The clip and Mr Trump Jr’s tweet dropped any such nuance, however.
A Democratic Party-supporting Twitter account published its own video on the issue. Referring to the president’s supporters, it claimed: “Hey MAGA, Trump is coming for your guns”. Attached was a clip from a press conference in which the president says: “Take the firearms first and then go to court”.
But here the president was referring to a policy of removing weapons from the hands of potentially dangerous people.
Misleadingly edited videos have been a recurring feature of the campaign.
This week, a Trump campaign ad was edited to make it look like Dr Anthony Fauci, one of the leaders of the White House coronavirus task force, was praising the president. In reality, Dr Fauci was talking about his own response to the pandemic.
We’ve also seen campaign adverts on Facebook push inaccurate claims.
A frequent falsehood includes allegations that the president called coronavirus a “hoax”. An ad seen a few hundred thousand times on Facebook this week and promoted by “Color Of Change PAC” – a “political action committee” separate from the political parties – includes the false claim.
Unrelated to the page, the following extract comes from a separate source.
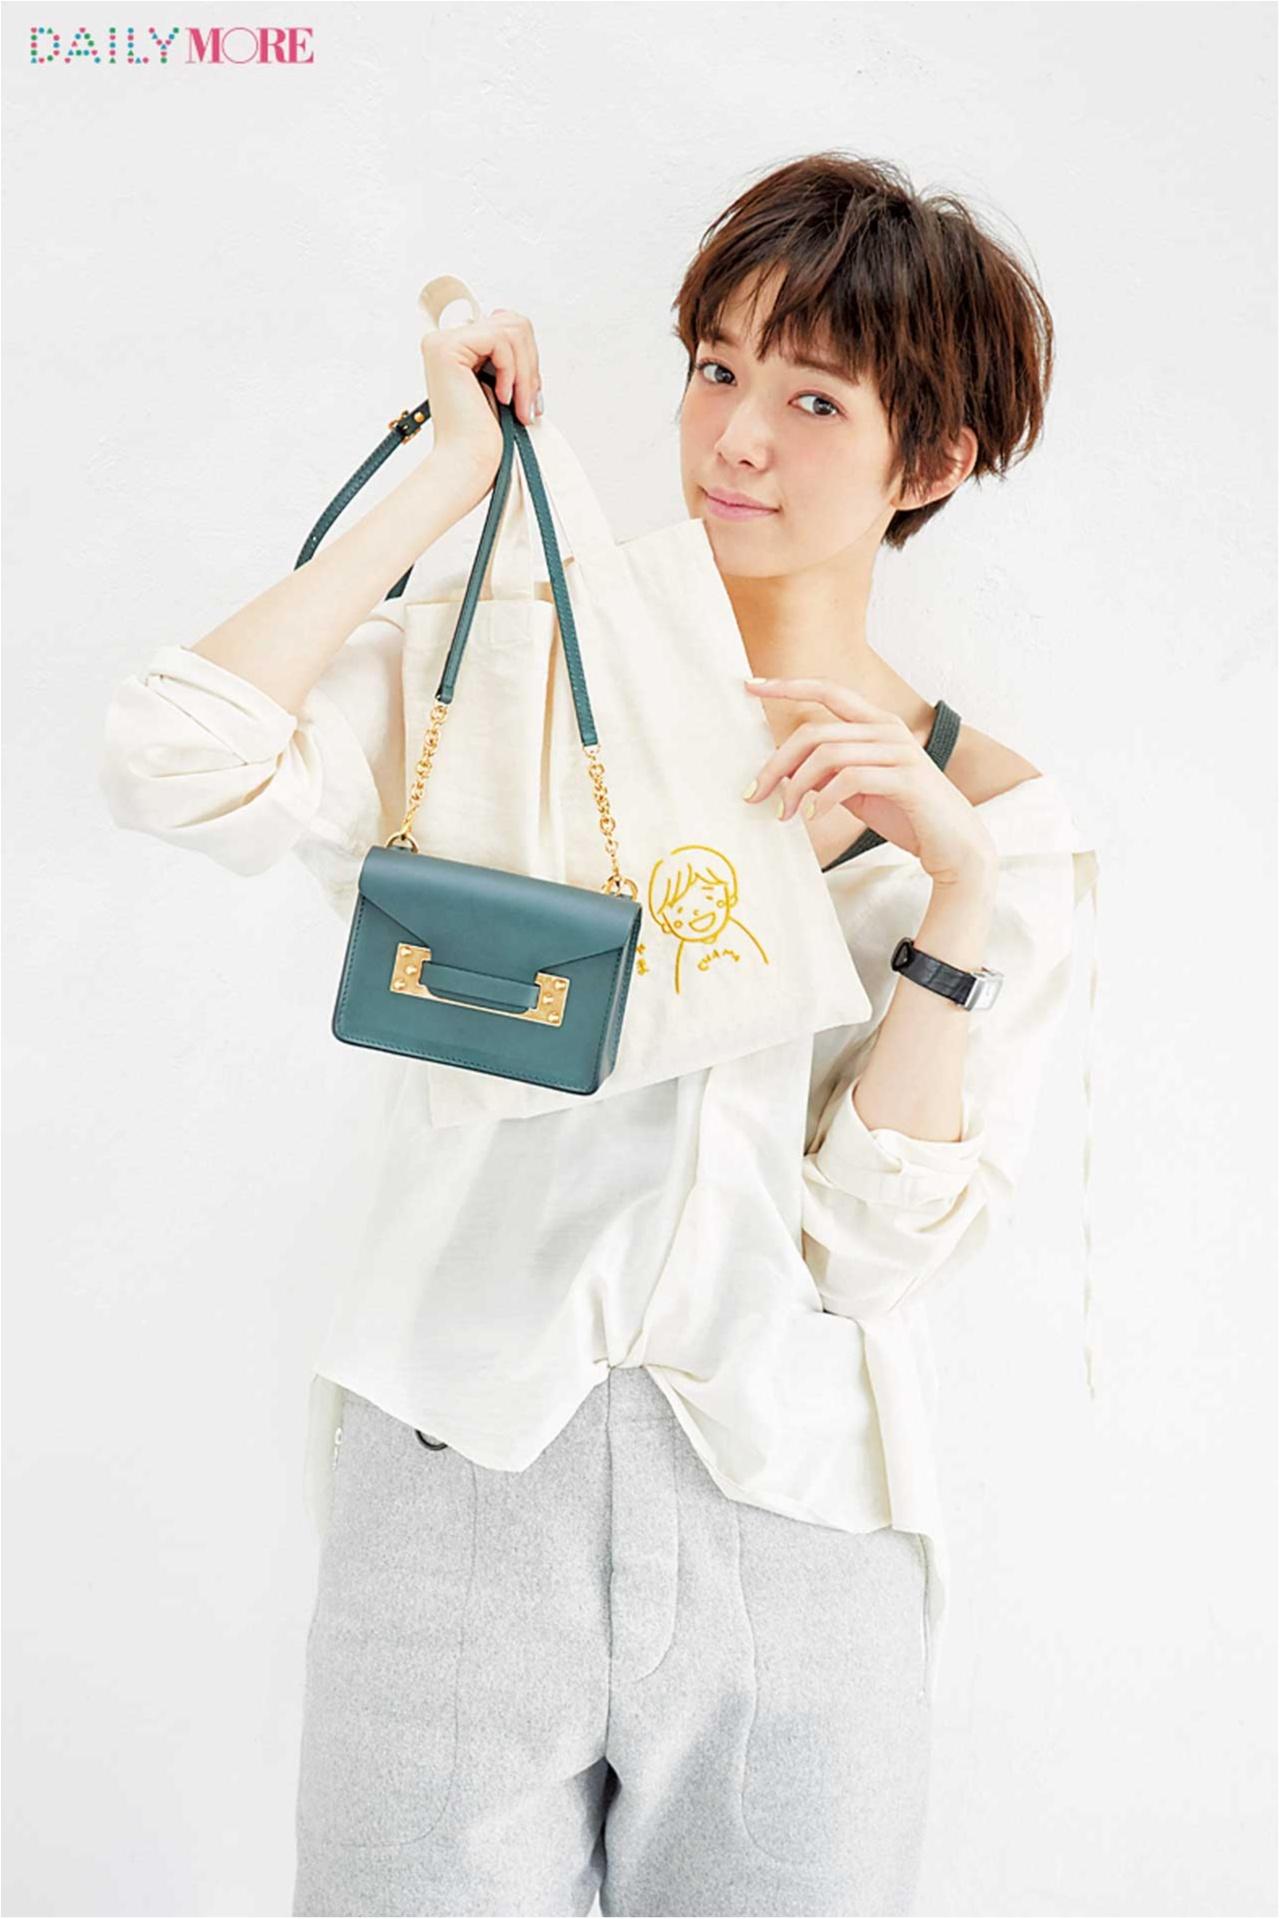 篠田麻里子、佐藤栞里、逢沢りなが私物大公開! おしゃれと美の秘訣が詰まったMOREモデルズのバッグの中身♡_1

While he has at times made wildly unscientific statements, President Trump did not directly call coronavirus a hoax. The rumour seems to stem from a speech he gave earlier in the year, in which he called the Democratic Party’s reaction to his handling of the pandemic “their new hoax”.
Following the first presidential debate, the Trump campaign posted ads promoting a false claim that Joe Biden wore an earpiece.
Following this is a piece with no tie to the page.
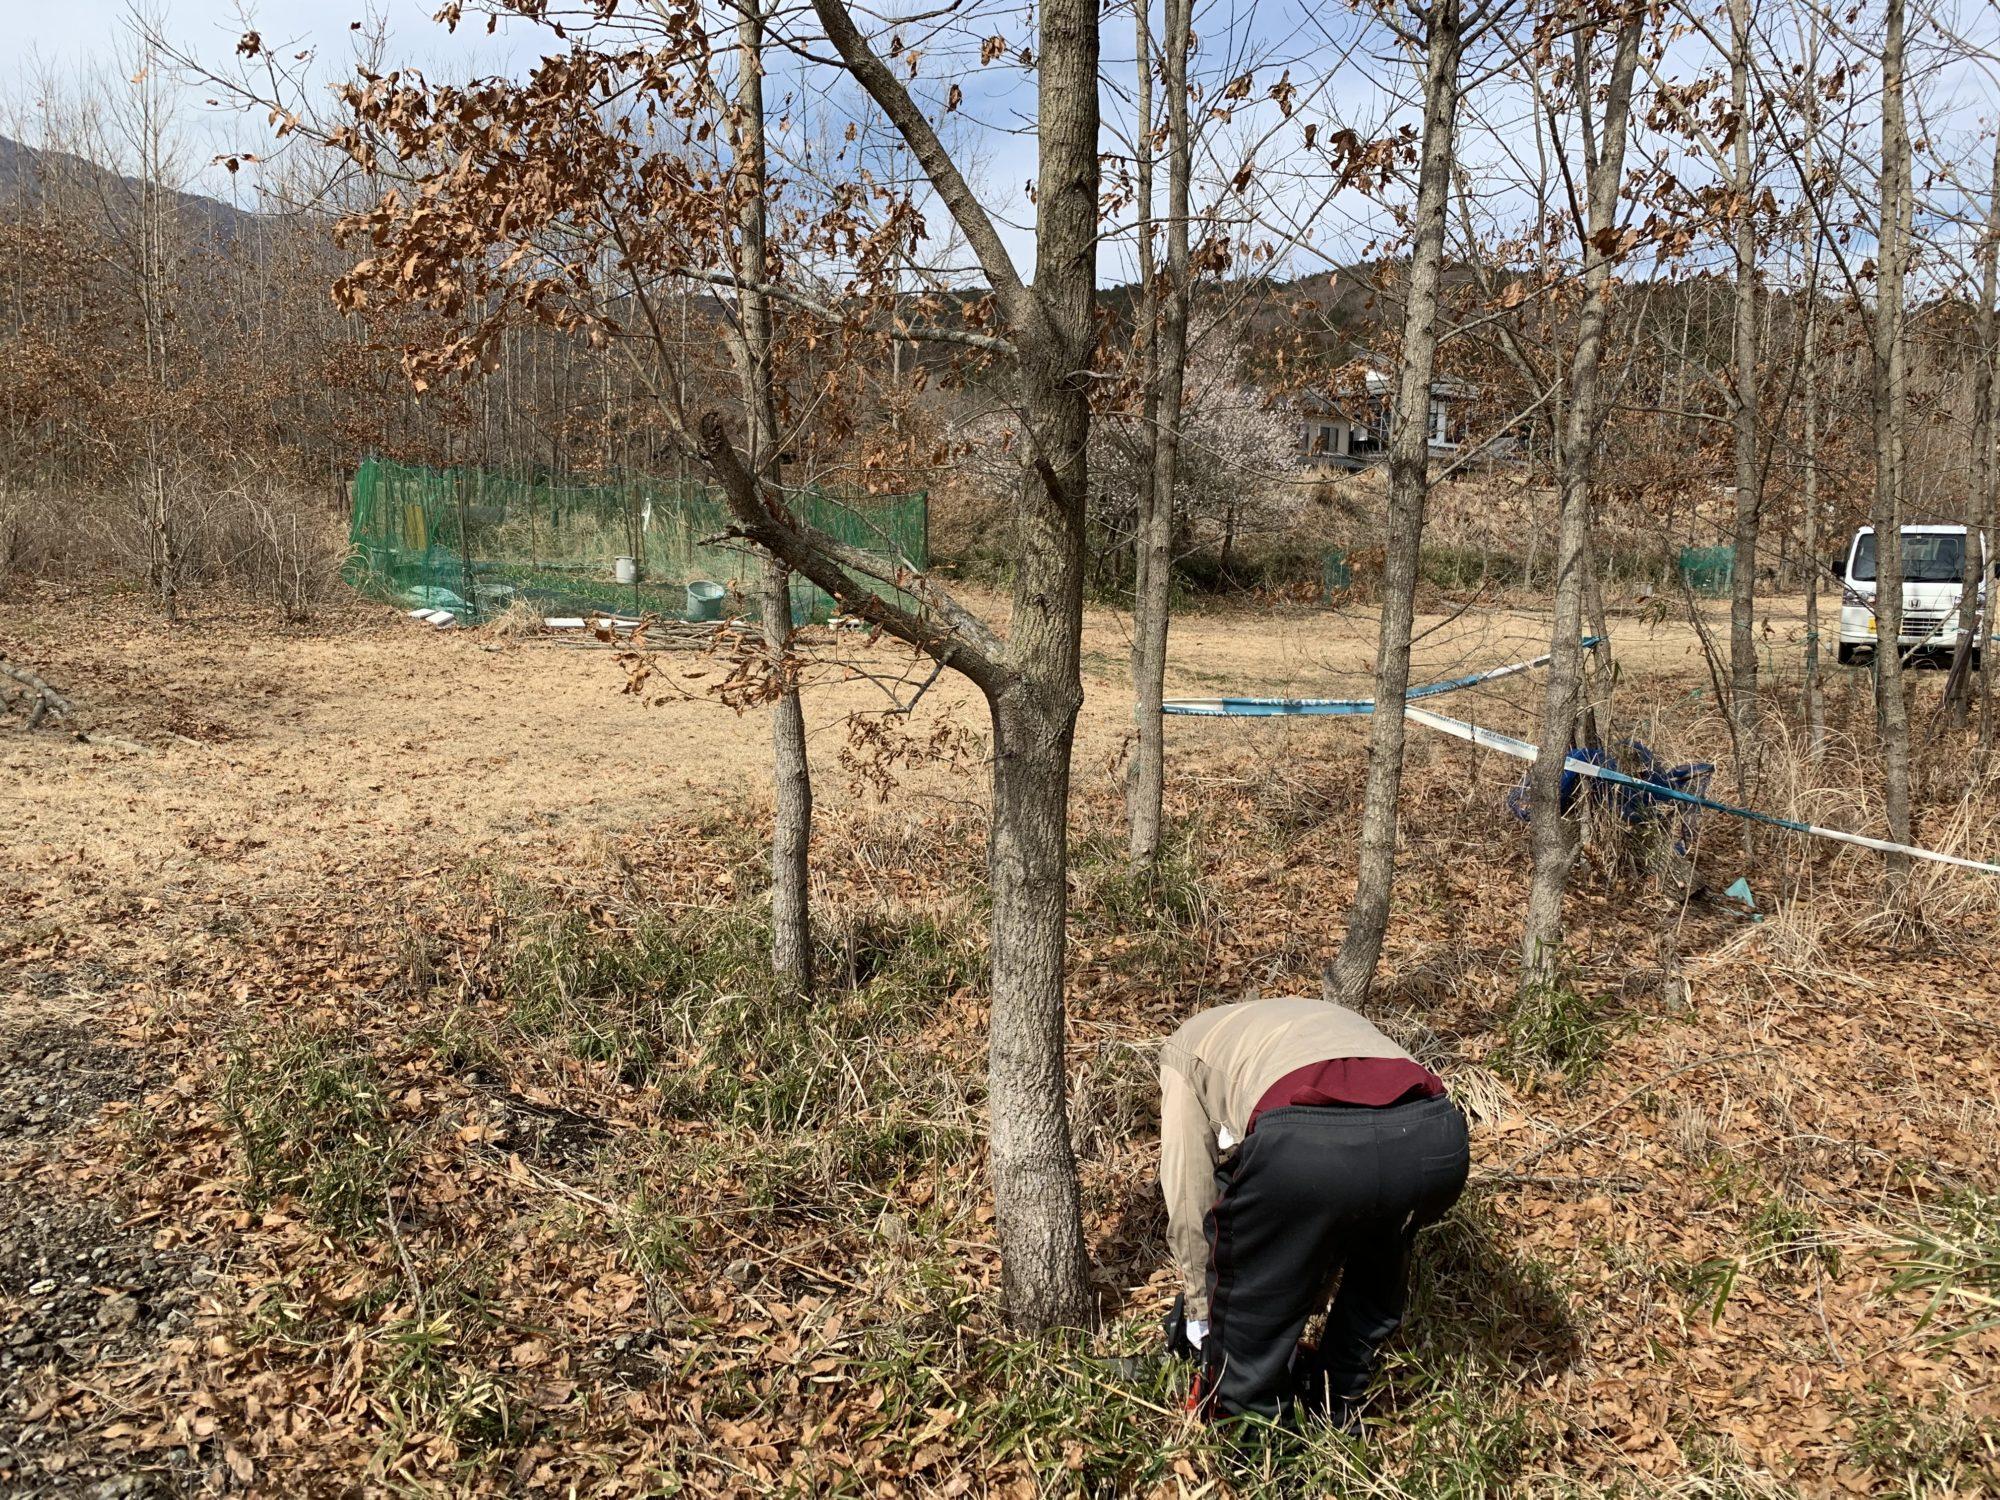 くぬぎの木を切り倒す

Further ads falsely claimed Mr Biden had been using a teleprompter in TV interviews.
Conspiracy theories
Tweets generating thousands of shares in recent days promoted a bizarre conspiracy theory, claiming to reveal secret information about the capture and death of Osama Bin Laden – an idea that was amplified by the president himself.
An article reporting these unfounded claims eventually entered the mainstream conversation after President Trump retweeted it.
The “whistleblower” in the story claims to have information to prove that a “body double” of Osama Bin Laden was killed by American troops in Pakistan, rather than the real Al Qaeda leader.
The article went even further, with the interviewee accusing Joe Biden of orchestrating a cover-up and the shooting down of a US helicopter in Afghanistan in 2011. They provided no evidence to support the claims.
The accusations prompted fury from a member of the elite Navy Seal unit who took part in the mission. He totally rejected the theory, telling CNN it was “trampling on the graves of some of the best heroes I have ever personally worked with”.
The author of the article retweeted by the president admitted on Twitter: “I have no proof that the Whistleblower’s claims are true.”
At Thursday’s town-hall event the president was asked about his decision to retweet the dubious article, and responded: “I’ll put it out there – people can decide for themselves.”
Mr Trump has promoted conspiracy theories in the past and also became the subject of some when he caught coronavirus.
One particularly far-fetched theory shared on Facebook and Reddit this week claimed that Mr Trump has been replaced by a clone.
A collage of images entitled “The real Donald Trump never left hospital” contrasted photos of Donald Trump before and after his stay in hospital, labelling him a “new-born clone”.
Though some people clearly shared the post as a joke, other comments suggested the idea was taken seriously by some.
The president has been seen in public multiple times since his release from hospital, and there is no evidence to support the wild theory.
This isn’t the first time a sitting president has been accused of being replaced by a clone during an election campaign.
In 2018 a viral rumour that Nigeria’s President Buhari had been replaced by a body double became so widespread that the president himself responded, saying: “It’s the real me, I assure you”.